The hypermethylation of p16 in cervical patients was significantly associated with an approximately 5.76-fold increase in the high-risk HPV infected group than compared to low-risk and/or non-HPV infected group (OR=5.76, 95%CI=2.36–14.04, P<0.01). This result was according to the study, which pointed out the OR=5.82 (95%CI=1.95–19.3, P=0.01). Concerning to RR value, high-risk HPV infection significantly increased 3.11 times in the risk of p16 hypermethylation, leading to the inactivation of p16 (95%CI =1.75–5.53, P<0.01).

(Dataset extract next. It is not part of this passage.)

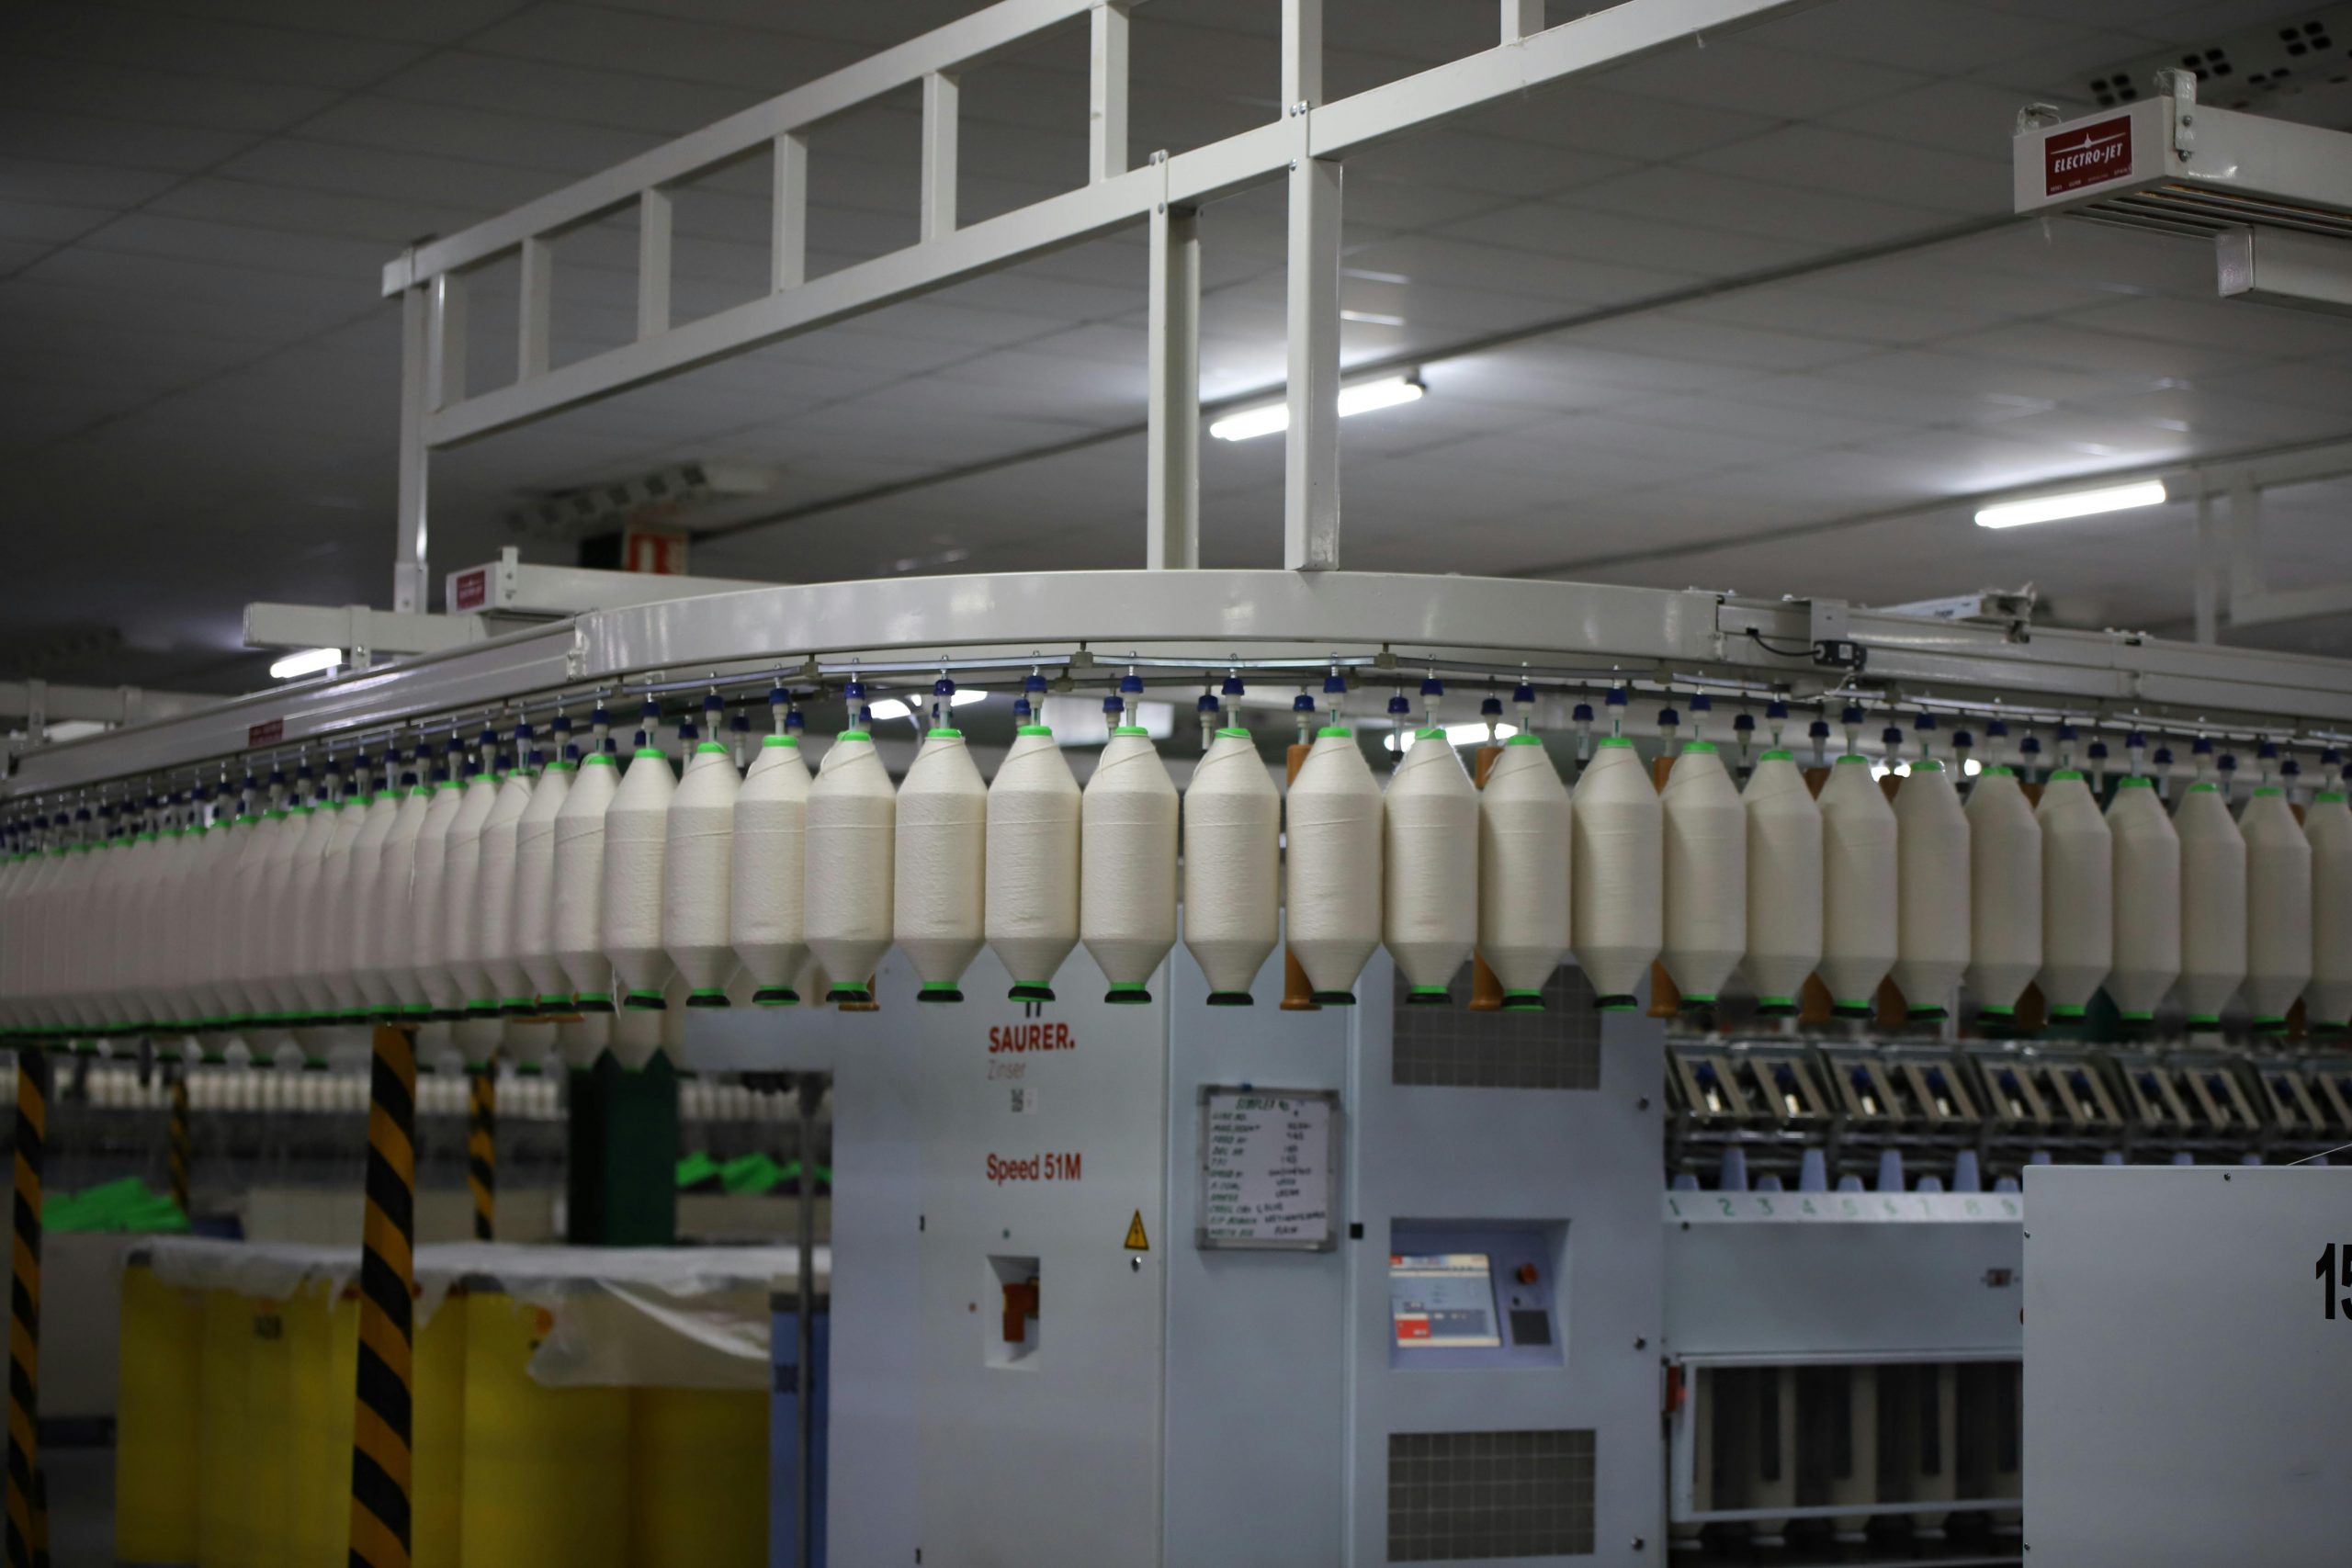 Conveyor belt with multiple pieces of yarn being produced.

Therefore, identification of HPV high-risk (such as HPV 16, 18) and hypermethylation of p16 gene by contributing the risk of cervical cancer development. The MSP method for p16 hypermethylation detection and HPV typing in Pap test samples could be considered as the promising candidate, non-invasive biomarkers potentially used for diagnosis and prognostic purposes in Vietnam.

Conclusion

A higher prevalence of p16 promoter hypermethylation in high-risk HPV infected samples, counting for 55.6%. On the contrary, the low frequency of p16 promoter hypermethylation was found in low-risk and non-HPV infected samples. Additionally, the significant correlation between candidate gene hypermethylation and HPV exposure as well as the odds ratio and relative risk were found in the significant correlation, counting for 5.76 and 3.11, respectively were reported. The screening, which based on the combination of both high-risk HPV detection and p16 gene’s promoter methylation, will be an auspicious characteristic for early prognosis and diagnosis of cervical cancer. Moreover, MSP assay done in candidate gene on the non-invasive samples (liquid-based Pap test) would provide the potential method, easily applied in clinic, to prognosis and early diagnosis of cervical cancer in Vietnamese population. In further study, the present findings require extension to a larger number of samples and series on many potential genes in order to get the profile of methylated genes related to cancer of cervix.

Ethical considerations

Ethical issues (Including plagiarism, informed consent, misconduct, data fabrication and/or falsification, double publication and/or submission, redundancy, etc.) have been completely observed by the authors.